What are the attributes that make GIS unique?

GIS is a technology-centric institute. That means that everyone has to work with someone who knows better in other disciplines. For example, for the projects that we work on, a single lab cannot do it alone. We have to work with other labs to execute a bigger project. That sort of culture is imprinted in the projects that we run, and that’s why we need to work in a very collaborative manner. In addition, not only are we working collaborative internally, we also work very closely with hospitals and the other tertiary institutions.

My vision is to develop GIS into one of the most influential institutes in genomics. We want to be the hotbed for scientific discovery and innovation.

The areas that we are focusing on will firstly be human genomics. If you think about understanding our genome, we have [come] a long way in terms of the technology and how much it tells us about the genetic basis of some diseases, as well as what exactly is our genetic makeup. But we are only at the beginning stage because future technology will allow us to have a wider coverage and a deeper view about our genomes. It will allow us to look at epigenetics for example. We will need to continue to apply next generation technologies in trying to understand the genetics and epigenetics of human diseases. This is the first pillar.

Also, because we have learnt so much about genetics, we also learnt about the variation between human beings. We want to be able to develop disease models that tell us how we can study human diseases in the laboratory. This is the second pillar, which is human disease modeling; we want to link genetic insight to functional insight.

At GIS, we have a spectrum of academic research: all the way to translational and commercialization. For basic research, it’s more about identifying the genetic basis of diseases. For translational research, it’ll be on developing and identifying biomarkers and seeing how they will improve diagnostics in the clinic. Additionally, developing disease models will help us to translate as well, because that enables us to do drug screening and try to understand how to develop better drugs.

Some of the more promising research would be projects that work on making the real cells. We all understand that stem cells can differentiate into specialized cell types. What we hope to achieve is that the specialized cell types will look like the real cells in the body. There’s no point in making a cell that is different from the body–what is the point of studying artificial cells?

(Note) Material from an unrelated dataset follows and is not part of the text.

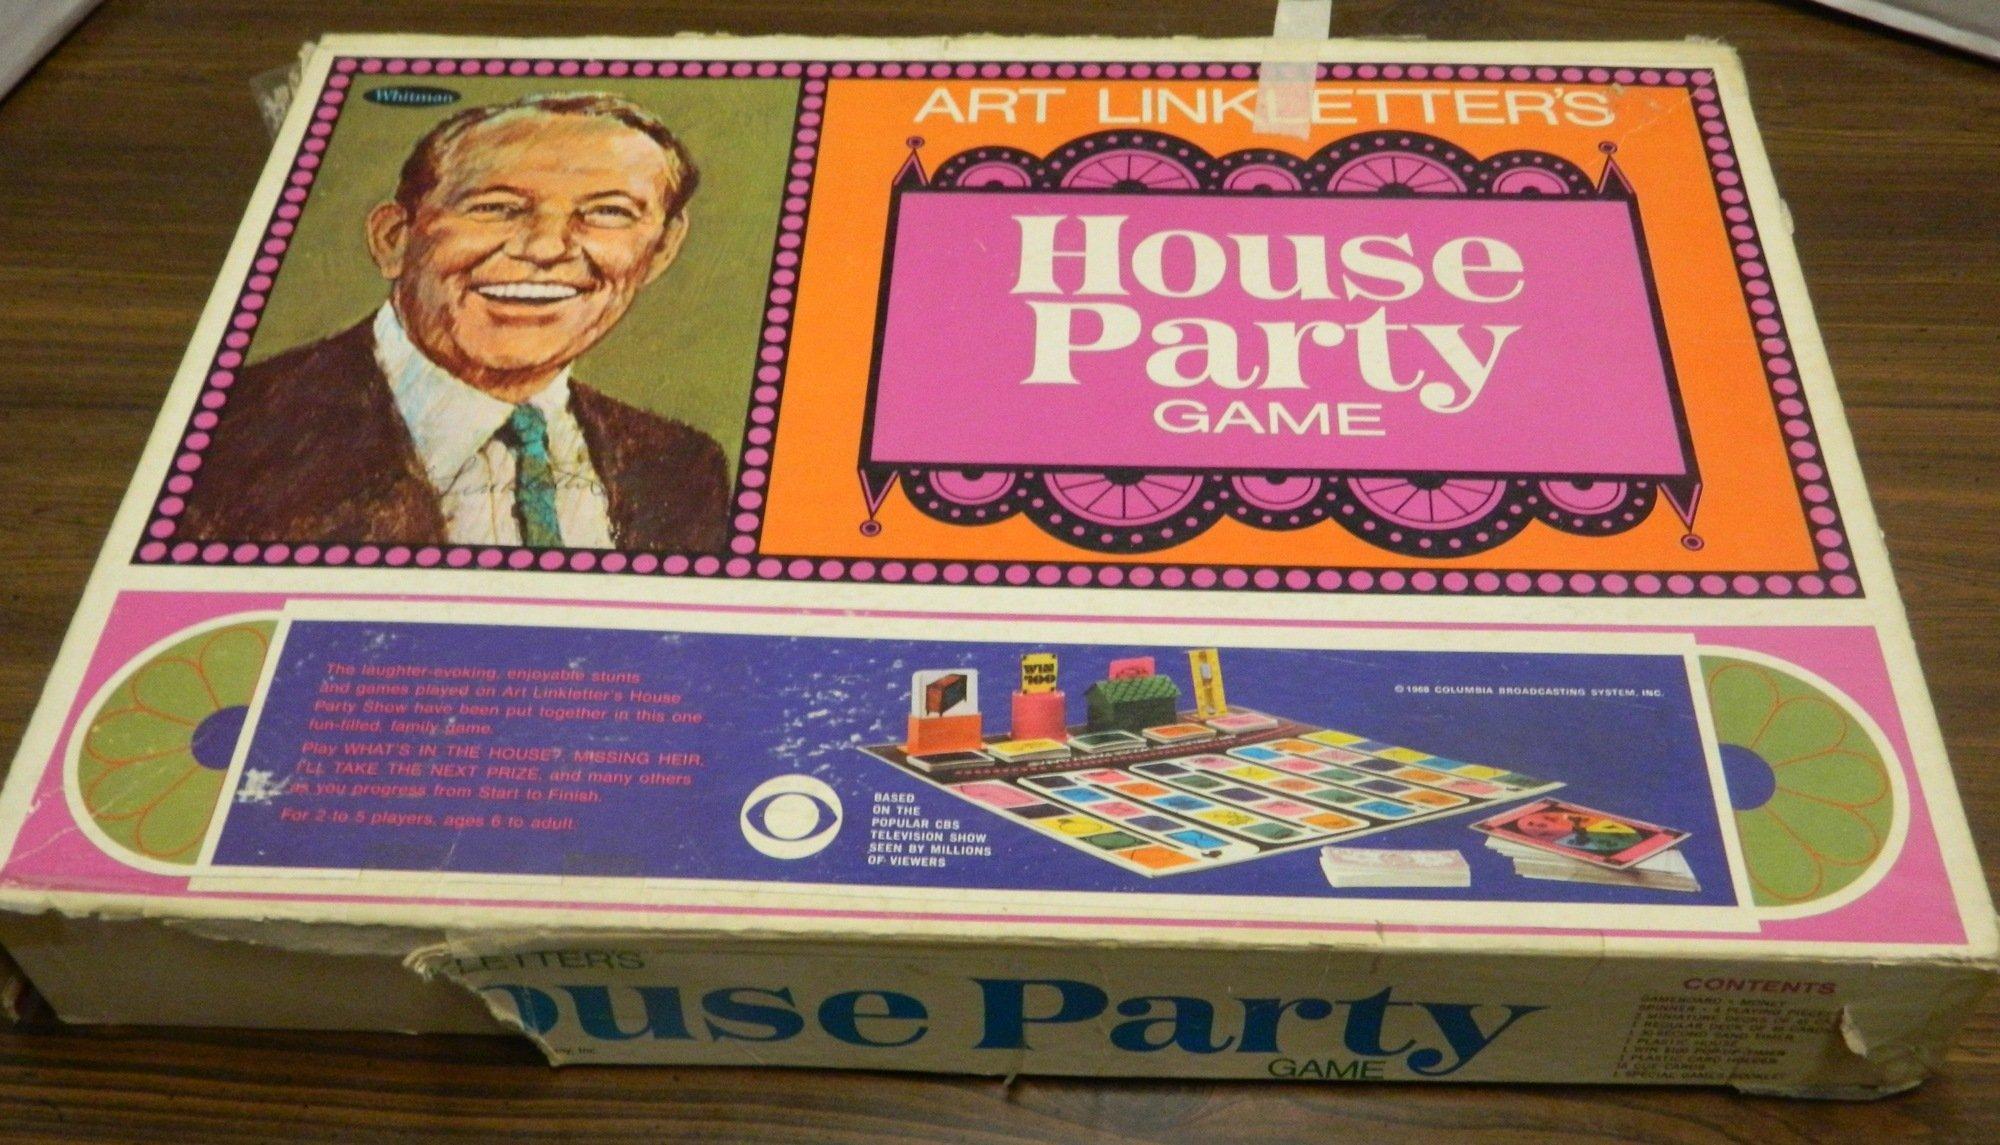 Box for Art Linkletter's House Party

The second important area is to create mini-organs. When we think about the human system, it is made up of multiple, different cell types. We must think of a way to put these different cell types together so they can function as a system. Another term for mini-organs would be organoids. I think this will be the most promising research field in the community. These will be the breakthroughs that will come from Singapore in the next few years.


What advice would you give to young scientists in Asia?

My advice to young scientists is: explore the science in Asia; many opportunities await [you]. At the same time, have a global outlook in science and technology.

We are in the era of the rise [of] Asia. You can see that many Asian countries have good GDP growth–they are building and expanding very fast. What is more important for young scientists is that many Asian countries are investing heavily in research. That means that many innovations will come from Asia.